Community Forum: Jane Williamson, Present times echoing 1850

This week’s writer is Jane Williamson, executive director of Ferrisburgh’s Rokeby Museum, a stop on the Underground Railroad in the 1800s.
Echoes of 1850
The Trump Administration’s order banning immigrants and refugees from seven mostly Muslim countries reminds us how history can repeat itself. Many reporters and commentators have recalled past bans or quotas — the Chinese in the 1880s, southern Europeans in 1924 and the infamous refusal to admit a shipload of German Jews in 1939.
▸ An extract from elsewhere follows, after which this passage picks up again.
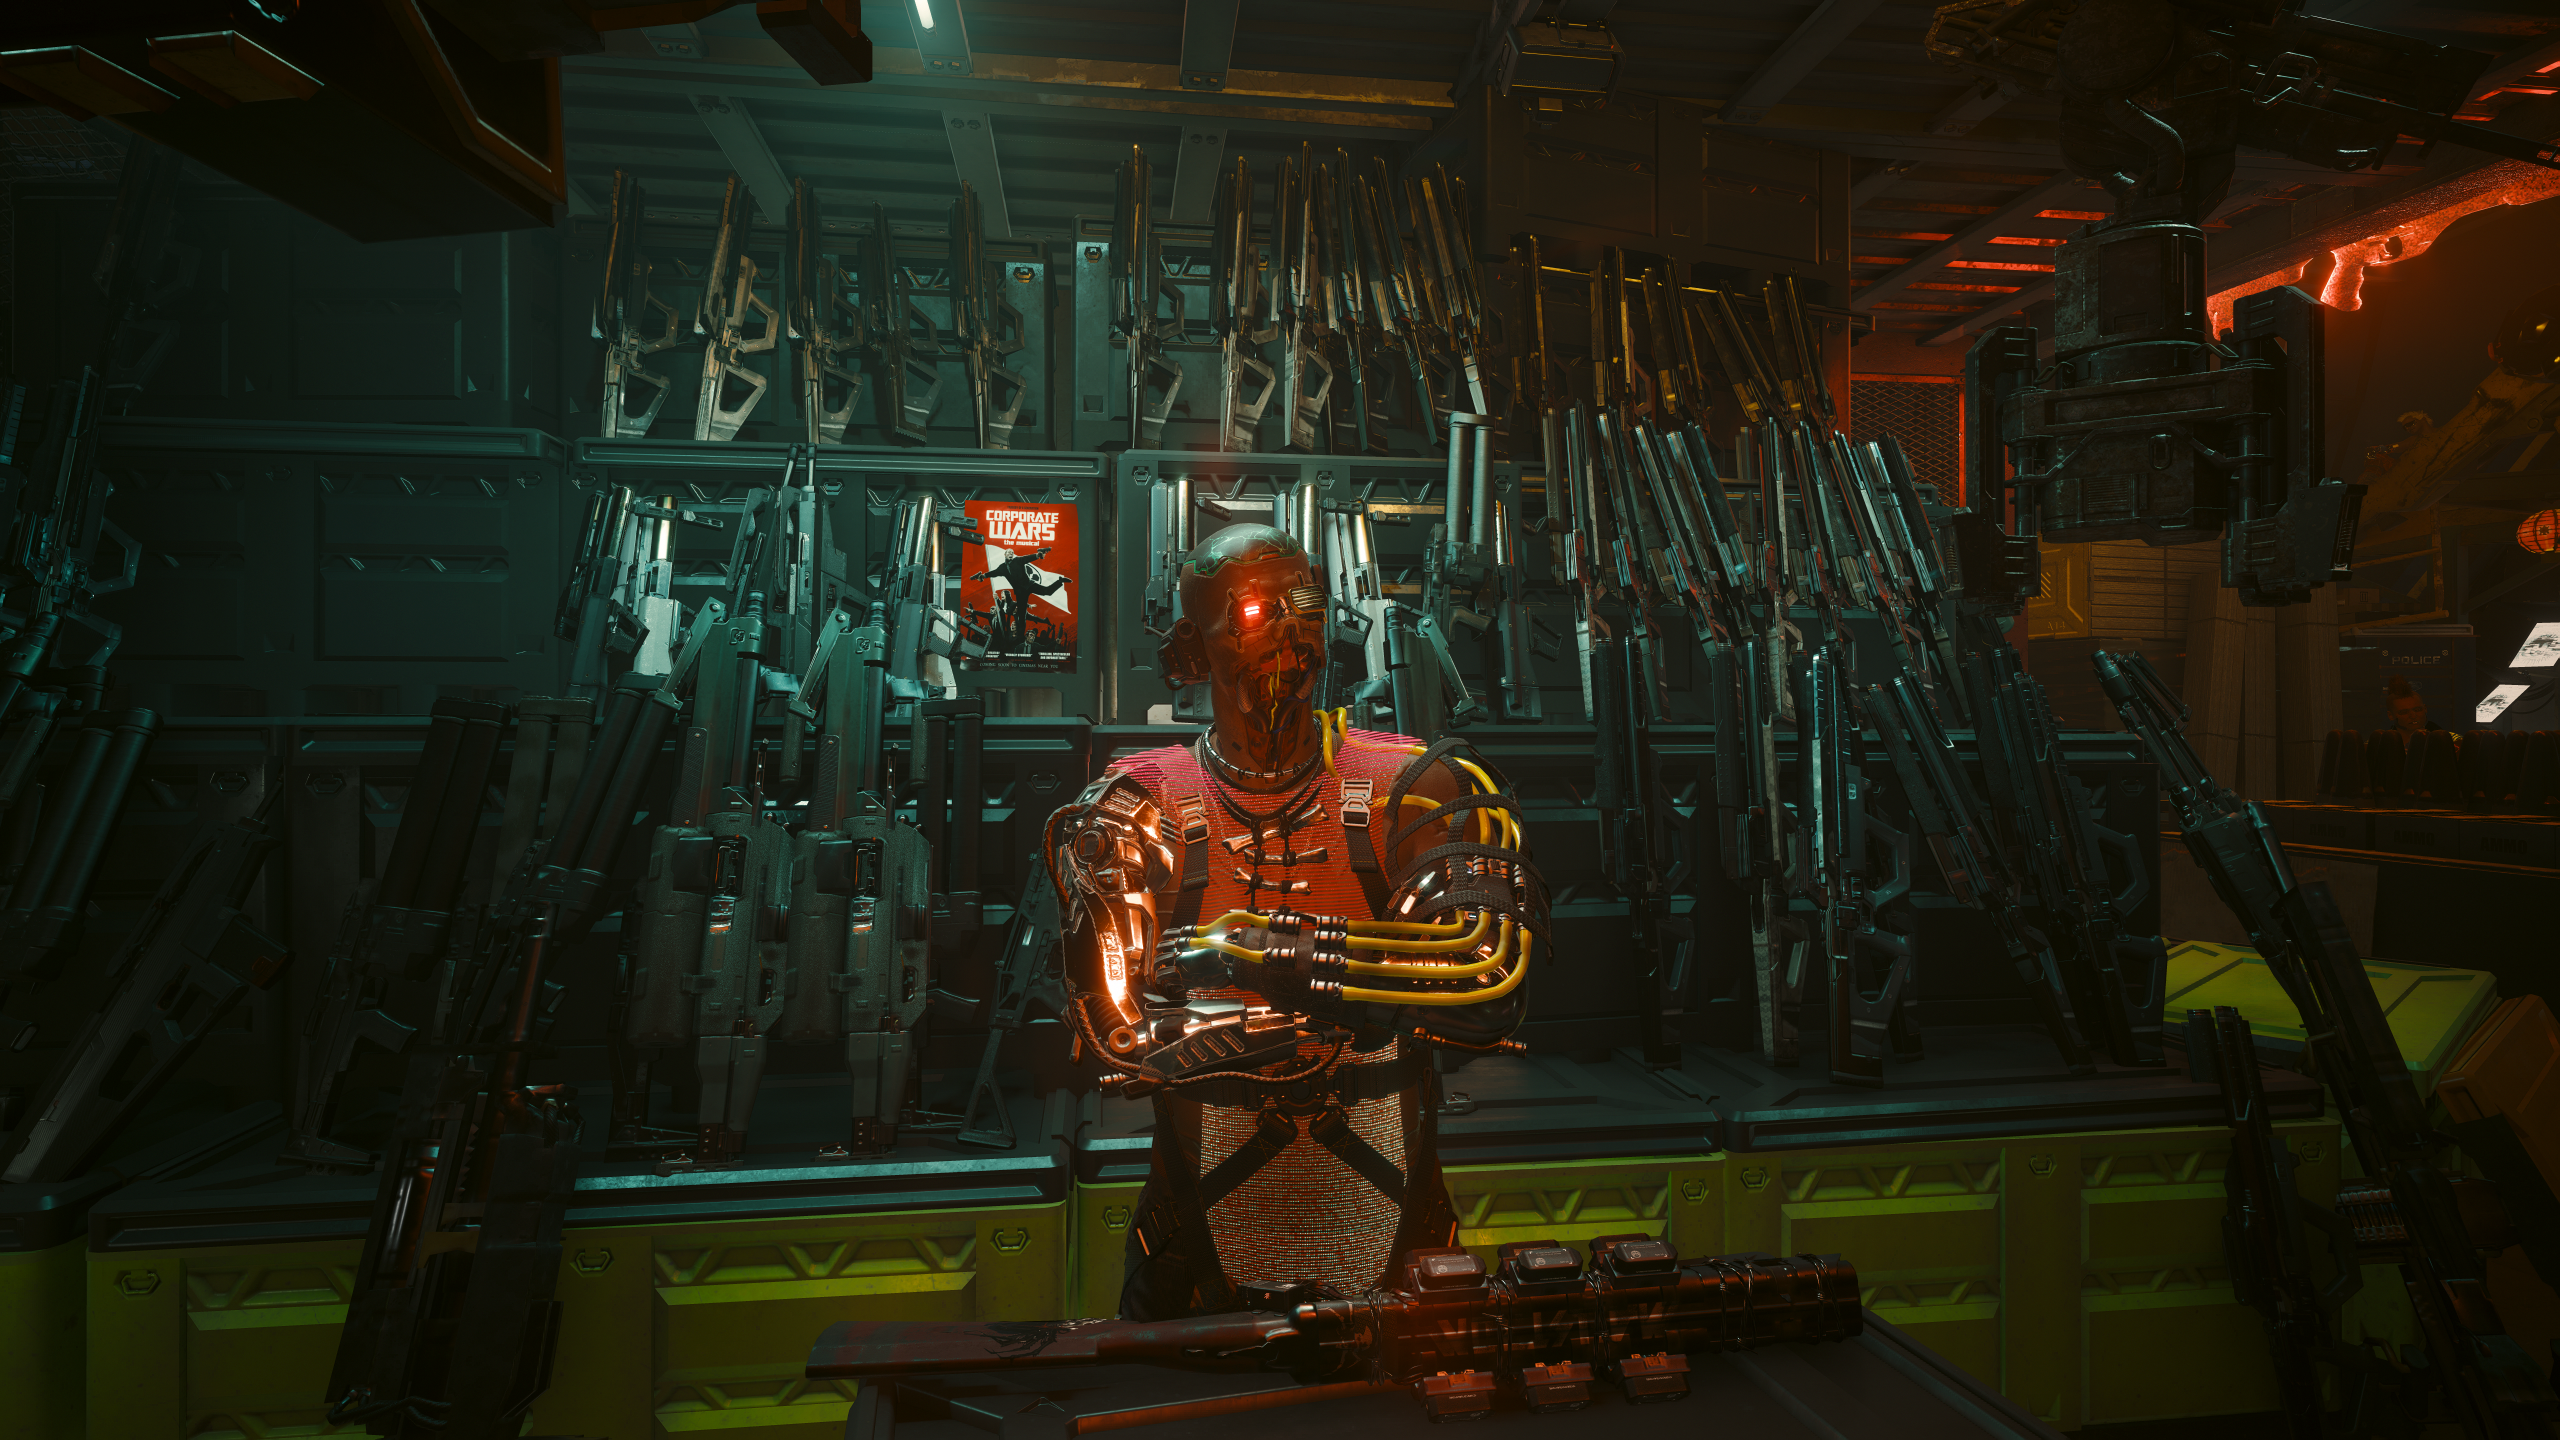 Cyberpunk merchant standing in front of row of weapons with visible damage and surgery on bionically altered face

I can’t stop thinking about 1850.
The “refugees” subject to federal mandate that year were born in one part of the United States (though they were not counted as citizens) and sought asylum in another. The new Fugitive Slave Act was designed to plug holes in the old one, passed in 1793. It imposed a dreadful choice on northern citizens: assist federal agents in recapturing runaway slaves or face a $1,000 fine and six months in jail. It also specifically denied the slave’s right to a jury trial that several northern states, including Vermont, guaranteed. It put federal commissioners in charge and paid them $5 if they released alleged fugitives and $10 if they returned them to former owners.
Outrage and opposition came swiftly in 1850, just as they have today, and the similarities resonate. Within days of its passage that September, the Fugitive Slave Act created both turmoil and defiance in northern black — and white — communities. Many fugitive slaves living in the North fled to Canada _ an estimated 20,000 from 1850 to 1860. But many resisted. They organized massive protest meetings and mobilized to protect their homes and neighbors.
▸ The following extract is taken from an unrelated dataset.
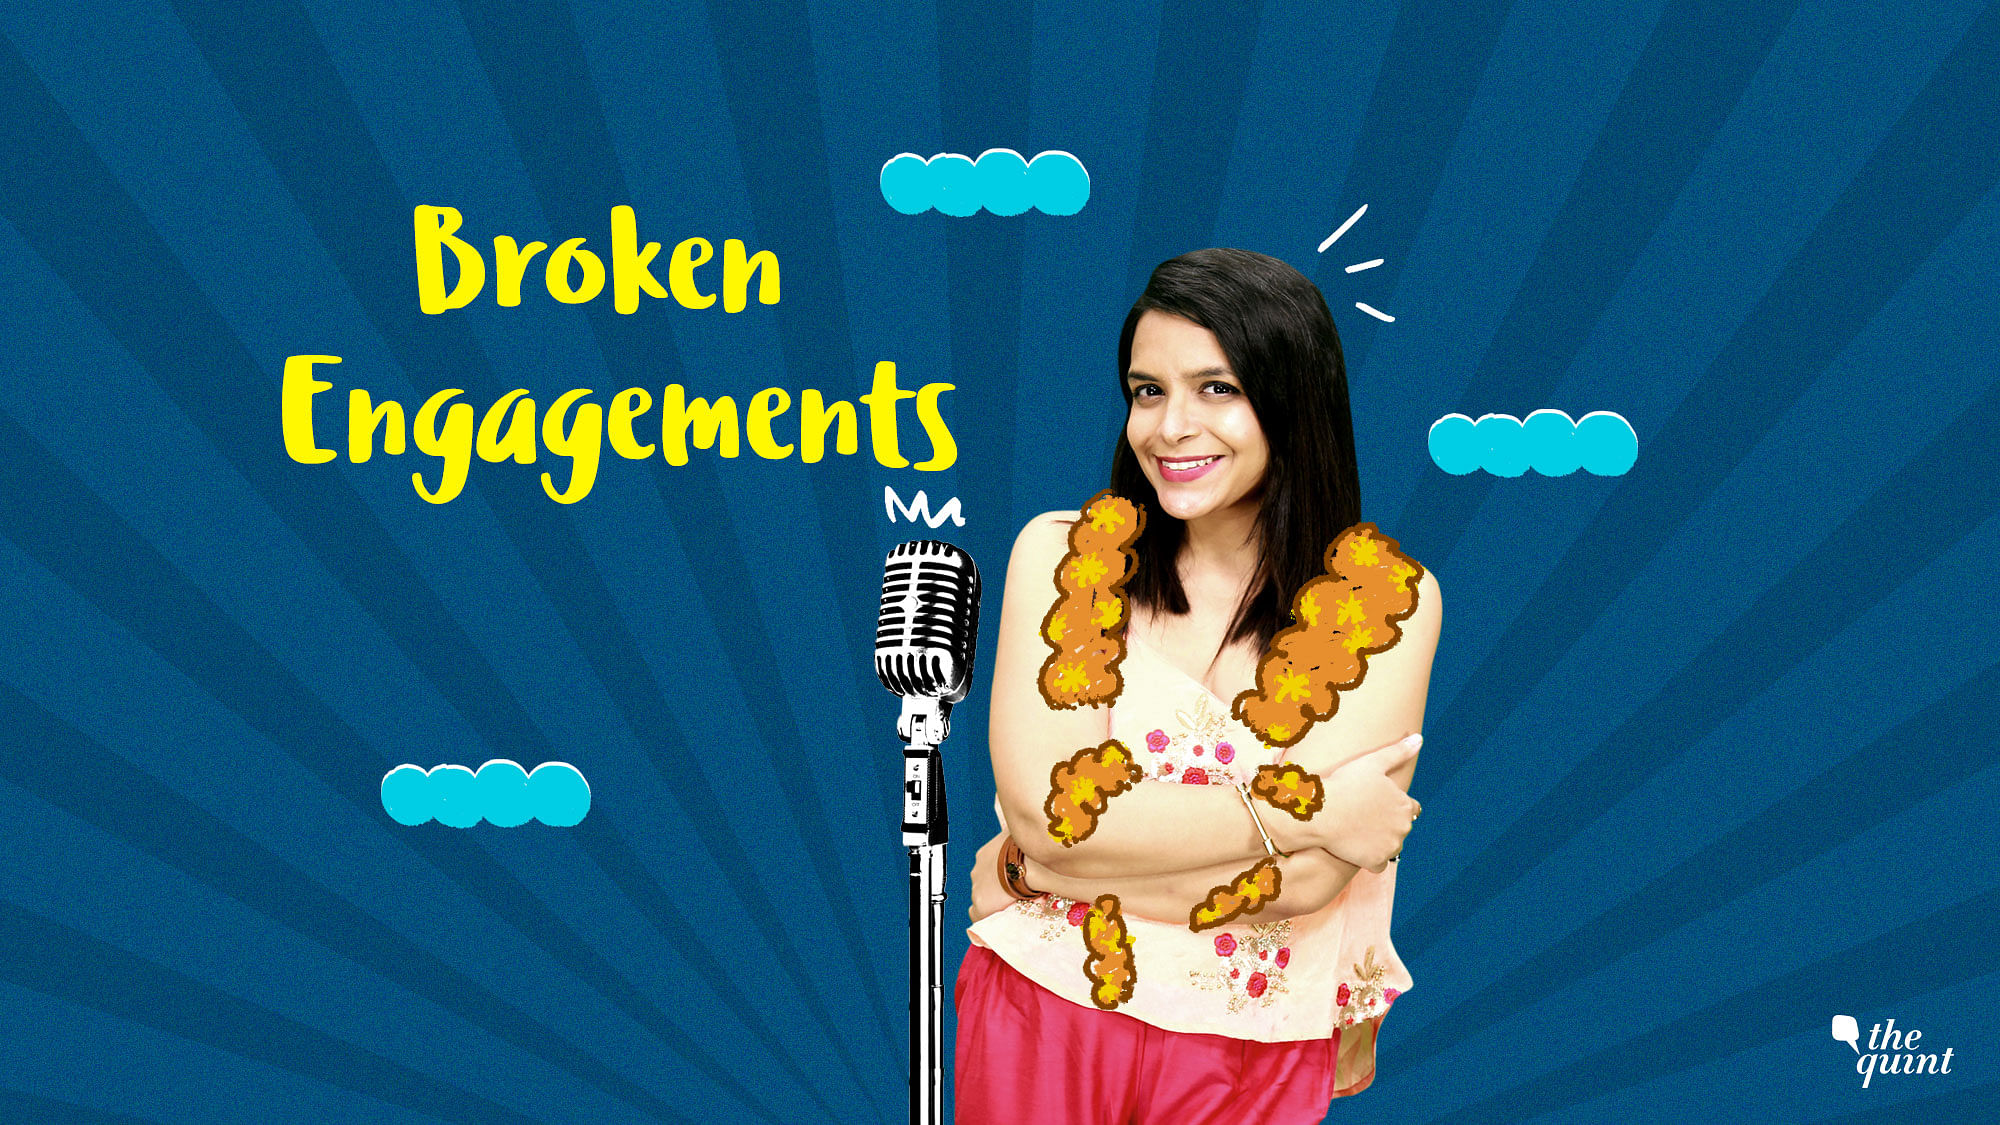 Sigh, broken engagements can be an LIIT of emotions

They didn’t call them sanctuary cities in 1850, but many pledged to shelter the fugitives in their midst. Addressing a rally in Syracuse, N.Y., Reverend Jermain Loguen thundered his defiance as he urged the assembled citizens to declare their city a refuge. A fugitive slave himself, Loguen appealed to his neighbors to resist the law that would re-enslave him: “Whatever may be your decision, my ground is taken … I don’t respect this law — I don’t fear it — I won’t obey it! It outlaws me, and I outlaw it. If you will stand by me — and I believe you will, for your freedom and honor are involved as well as mine — I say if you will stand with us in resistance to this measure, you will be the saviors of your country.” The assembled residents voted four to one in favor.
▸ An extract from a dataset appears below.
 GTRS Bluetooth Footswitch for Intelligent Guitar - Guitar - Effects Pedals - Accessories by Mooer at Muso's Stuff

The Burlington Daily Free Press also promised protection. An editorial printed on Oct. 7 invited “every Fugitive Slave in the United States to take Vermont on his way toward freedom in Canada. We are willing to guaranty [sic] that he can get a night’s lodging and a free pass over the Lines, without any particular danger from that elevated species of the human race known as ‘slave catchers.’”
The first fugitive slave seized in New England, Shadrach Minkins, was arrested in Boston in February 1851. But Boston’s free black community would not give him up without a fight. As abolitionist lawyers stalled for time, a huge crowd gathered at the courthouse. Twenty black men rushed in, overpowered the federal marshals, and carried Minkin’s bodily down the stairs and out the door. The marshals stood helpless before a crowd of 200 angry Bostonians. Minkins was spirited away and transported to Canada. His exact journey remains a mystery, but his arrival in Montreal means he almost certainly traveled through Vermont.
Both the Fugitive Slave Act and the current ban addressed picky legal and jurisdictional issues. Then and now, Vermont officials disagreed with federal action and refused to take part in it. In 1850, the legislature took less than two months to pass a habeas corpus act seeking to subvert the jury trial ban. And last week, Gov. Scott, Attorney General Donovan, and several legislators vowed to pass legislation protecting immigrants and refugees living in Vermont.
The federal actions of 1850 and 2017 have one more thing in common: unintended consequences. By making northern citizens complicit in what they saw as treachery, the Fugitive Slave Act enraged many and transformed once lukewarm antislavery supporters into activists. Instead of calming sectional tensions, it exacerbated them — the exact opposite of the law’s intent. The Trump Administration’s ban has had a similar impact, as citizens and immigrants, attorneys general from different states, and the courts have all joined in opposition. When presidential candidate Trump promised to unite the country, I don’t think this is what he had in mind.